Разве что на себя – столь близко вставшего к шепчущему, чтобы расслышать.

Мечеслав вдохнул и резко, толчком, выдохнул, прикрывая глаза.

Боги мои, и ты, Стрибог Трёхликий, и вы, Предки рода моего. Я с вами. И вы будьте со мною. Не давайте уйти с пути. Не давайте душе заблудиться в нашёптанных помыслах и желаниях.

Я прошёл посвящение. Я прошёл не один бой. Я пройду и это…

И он сидел и смотрел, сидел и слушал, как зашёл в нарядной рубахе Дарён, сын Худыки, как обнёс подарками всех, сидевших в доме, и выкупал за медовые коврижки место на овчине рядом с невестой у волчонком глядевшего на жениха сестры Живко. Как сняли с невесты плат – и держали, развернув, между молодыми, чтобы до поры не глядели друг на дружку. Как расчёсывали ей – а потом и Дарёну, но Дарёна Мечеслав не видел за платом, а и видел бы – не смотрел – волосы, а подружки пели в это время весёлые песни. Такие весёлые, что ушам было впору покраснеть, свернуться и опасть на пол, как листьям в лесу за забором, но вместо этого листопадом летел хмель, наполняя своим духом избу кузнеца Зычки, хмелем осыпали новобрачных – в точности, как виделось ему самому весною, – только он думал, что будет вместе с Бажерой…

Так, под дождём из духмяных перьев, под звонкие песни, встали они и пошли к дверям.

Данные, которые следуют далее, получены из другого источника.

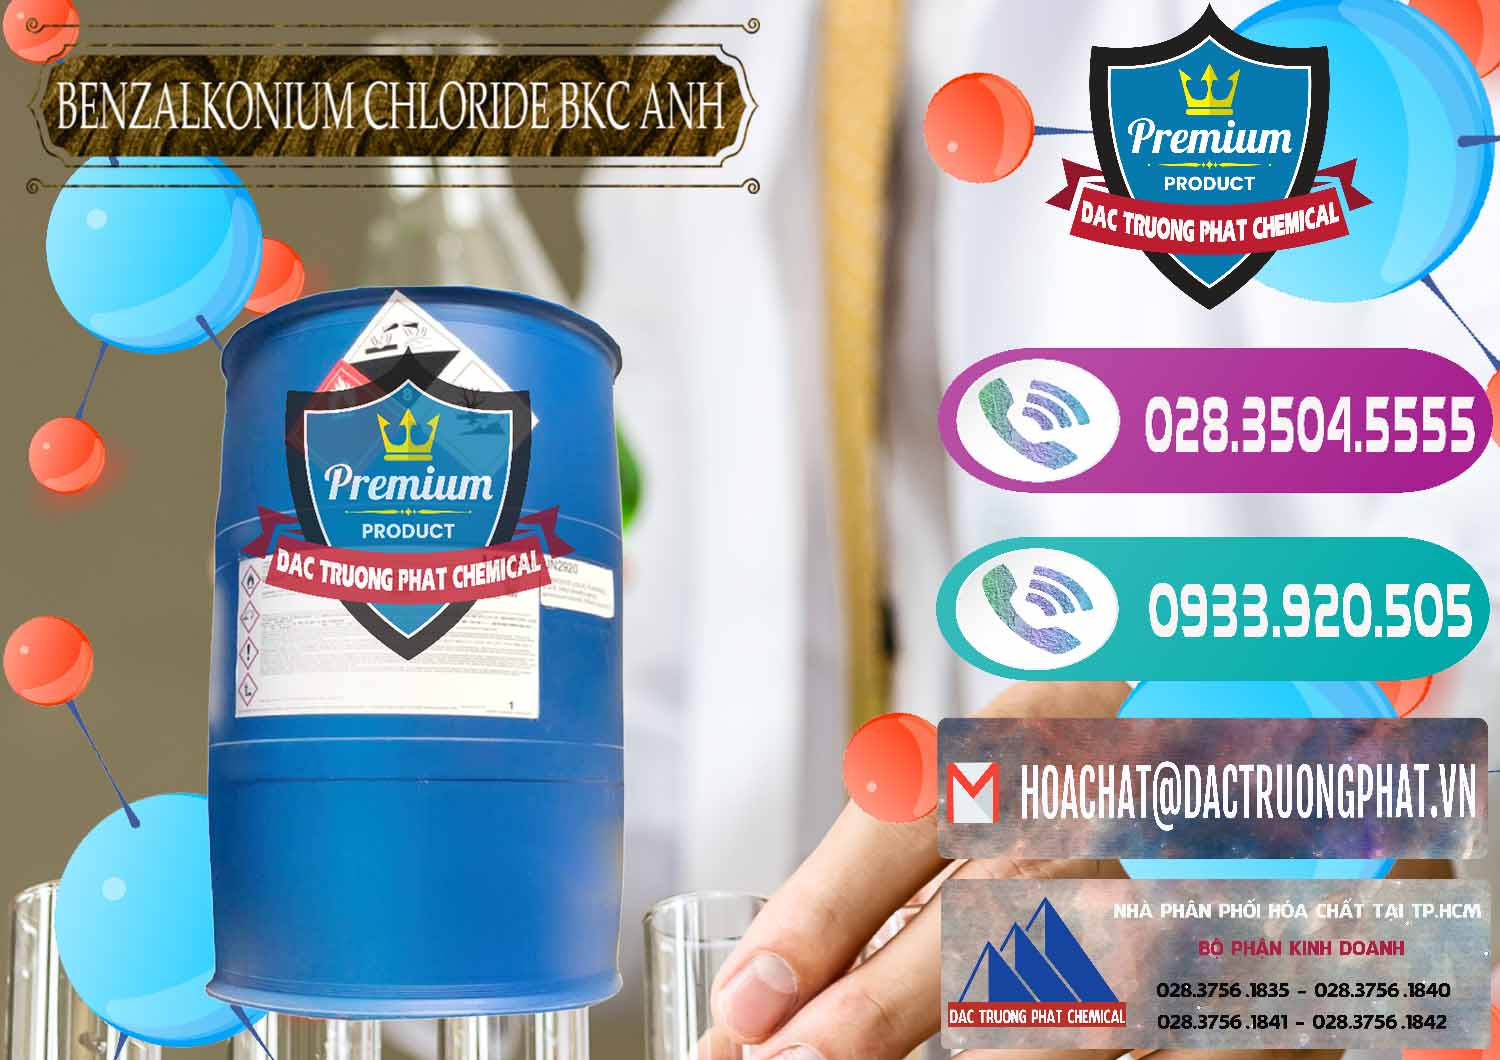 Đơn vị chuyên bán & phân phối BKC - Benzalkonium Chloride 80% Anh Quốc Uk Kingdoms - 0457 - Công ty phân phối & cung cấp hóa chất tại TP.HCM - hoachatxulynuoc.com

– Отпущало, отпущало сердце матушкино,

Отпущало, отпущало чаду милую свою,

Чаду милую свою, да на чужую сторону…

Луниха вдруг заплакала, заревела даже, будто и впрямь провожала свою дочь, выношенную-выкормленную, и не за три двора, а не ближе чем к колтам. Заревела и сунулась в плечо Зычко. Кузнец с растерянным лицом обнял вдову, похлопал по спине – и та уж вовсе повисла на его могучей шее.

Под песни молодые, в том же дожде хмеля, сквозь шорох которого пробивался стук зёрен – будто дождь был с мелким градом, двинулись к выходу. За ними поднялись отец невесты и заливающаяся горючими слезами посажёная мать. Под взглядами собравшихся встал и Мечеслав.

Теперь песни звучали уже и на улице.

Так прошли вслед за конём Дарёна почти через всю деревню, от кузницы к светлому и высокому месту, где стоял дом старейшины.

У ворот – тут уж была не калитка, а именно ворота – двора Худыки Колотилича чадили два небольших, из щепы да стружек, да особых трав сложенных костерка – отпугивать, отводить недобрых духов и всякий сглаз. У селян свадебных обрядов и примет было втрое против лесных, если не всемеро – одни берегли от недоброго глаза и нечистой силы, другие должны были обеспечить молодым изобильное потомство. Оттого и пели забористые песни – и нежити страх, и к приплоду такие песни, где обстоятельно и с выдумкой поётся, как, что и чем делается промеж мужчинами и женщинами самое то.

– А у матки широка,

У дочки шире ея!

Пастух лапти плёл,

Он и то в неё забрёл!

Жеребёночек-стригун

Он и то в неё прыгну́л! —

раздавалось над селом. Луниха, с ещё не просохшими от слёз щеками, звонко хихикала, прикрываясь рукавом и лукаво поглядывая из-за него на посветлевшего лицом, невольно ухмыляющегося кузнеца.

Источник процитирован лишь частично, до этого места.